3 Common Accounting and Bookkeeping Mistakes Among Startup Owners

Whether you’ve found yourself trying to dig your startup of a messy accounting hole, or want to get proactive and prevent money mistakes before they happen, knowing what not to do is often just as important as knowing what the right steps are to take.

Entrepreneurs don’t start their new business ventures only to spend hours working out budgets and managing their company from the inside. They have dreams to chase and need a well-oiled accounting process to make sure they can focus on growth rather than constant internal management.

Especially for business owners just starting out, putting off your accounting tasks doesn’t make them go away. The less you’re able to nail down accurate books this month, the harder it will be to fix them next month.

1. Not integrating accounting as a core component of your business process

One of the most common problems entrepreneurs make has less to do with the specifics of accounting, but how they treat it within their business.

Just like sales or marketing, accounting is a core part of the broader business process––not a task that simply hangs on from the outside. Thinking of it as something that only needs to be thought about “every once in a while,” already sets you up for disaster down the road.

Accounting tasks come into play just about every day. Making sure expenses are logged and tracked on a daily basis not only saves you from devoting a huge block of time at the end of the month you’d spend compiling all of that information, it also helps to ensure every expense is noted and accounted for when it comes time to get your books in order.

2. Ignoring Cash Flow

It happens all the time.

An impassioned entrepreneur launches a business and is spurred on to expand after some initial success only to realize the business isn’t in the green––it’s deep in the red.

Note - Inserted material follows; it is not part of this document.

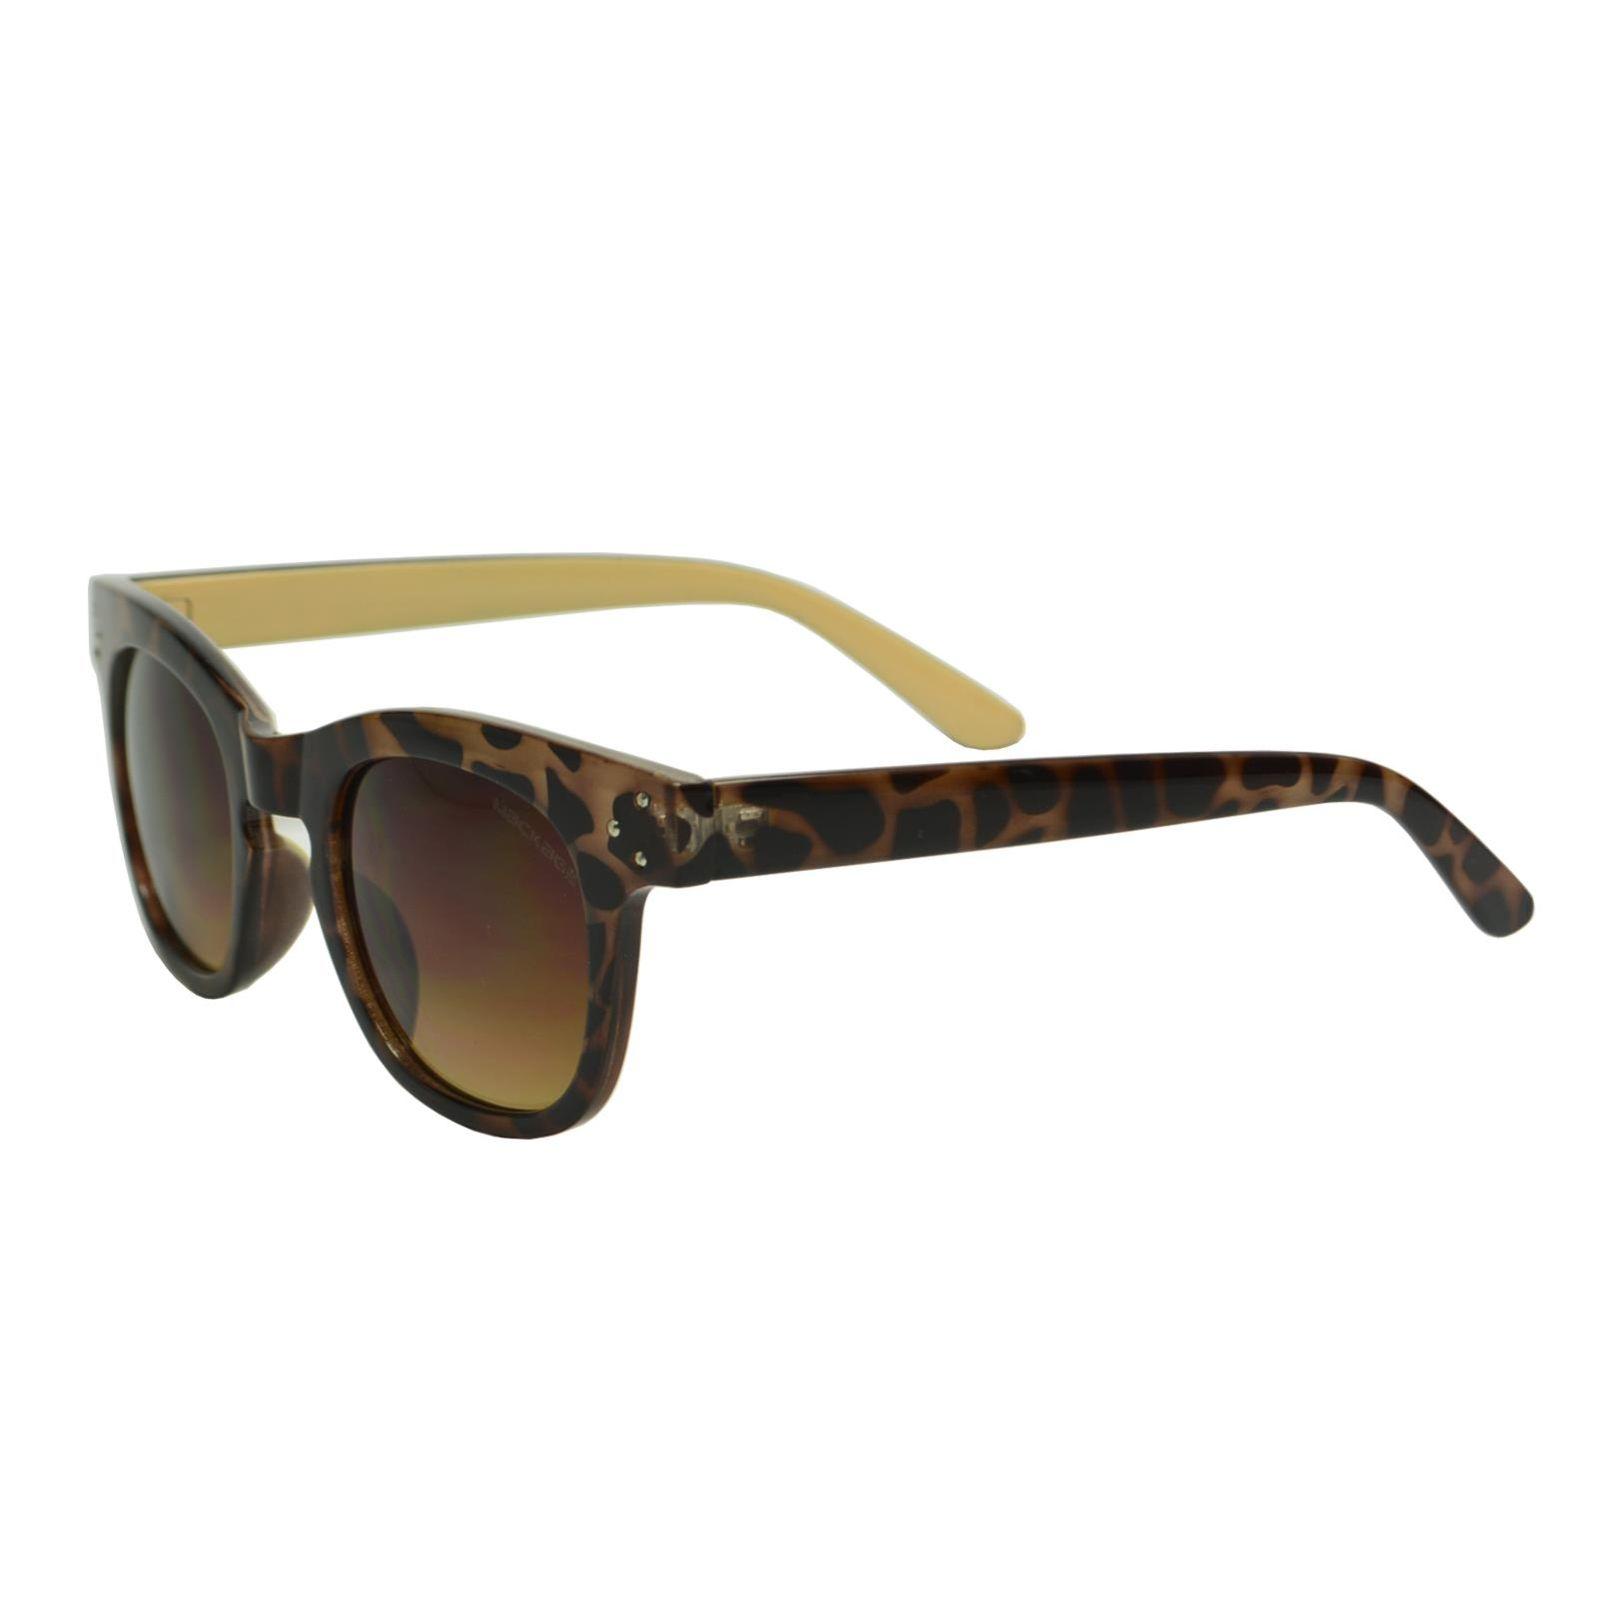 Óculos Mackage MK2114 - Onça / Marrom
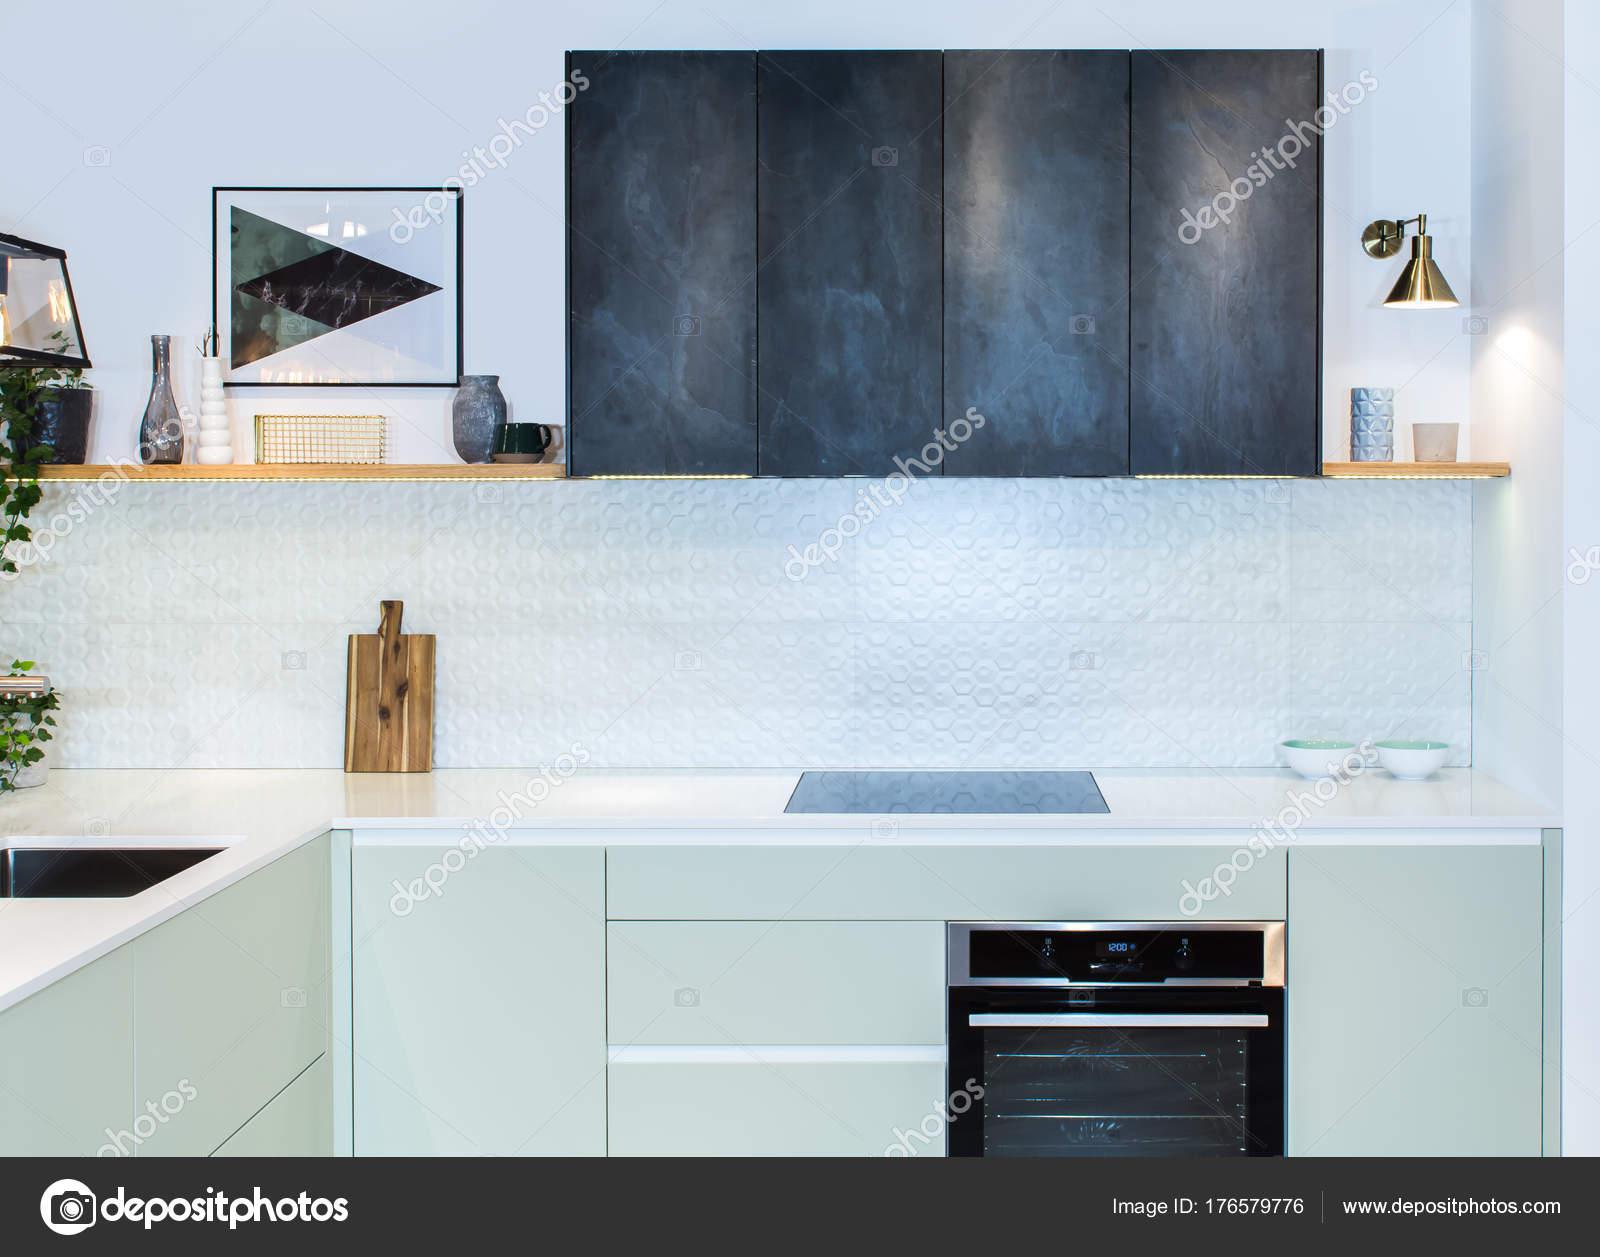 Casa moderna interni cucina great ambiente unico cucina for Colori interni casa moderna

Bottom-line profits look great, but cobwebs are forming in the checking account. It’s not a scenario you want to be in when the bills start coming in.

While some businesses can skirt around the problem with credit offers to customers, startups rarely find themselves able to do this.

That’s why it’s extra important to be sure you’re getting paid as early as possible. For those who use a variety of subscription-based tools, remember to take advantage of any discounts for long-term service that can improve your cash flow in the future.

When it comes time to pay invoices, delay them as long as possible if no early payment discount exists. This way, you can use the difference between collection and payment to throw towards growth investments.

 3. Understanding accounting basics and reaching out to professionals

There’s no question you’ll have enough accounting work to keep you busy––the question is, do you understand it? Numbers and careful calculations aren’t everyone’s strong point and when you’re working under pressure, your chances of getting it wrong only increase.

For those that need extra assistance, it’s important to know which questions you’ll need to ask.

What kind of documents you’ll need to keep, what the purpose of them will be now and in the future, and what kind of liabilities might face are all questions that should be asked by those who aren’t well acquainted with bookkeeping.

If all of that is simply too much for you to handle along with the other parts of your business, outsourced accounting professionals are available to help pick up the slack.

For most startups, hiring outside help can be well worth it when compared to the potential losses possible when mistakes are made in-house.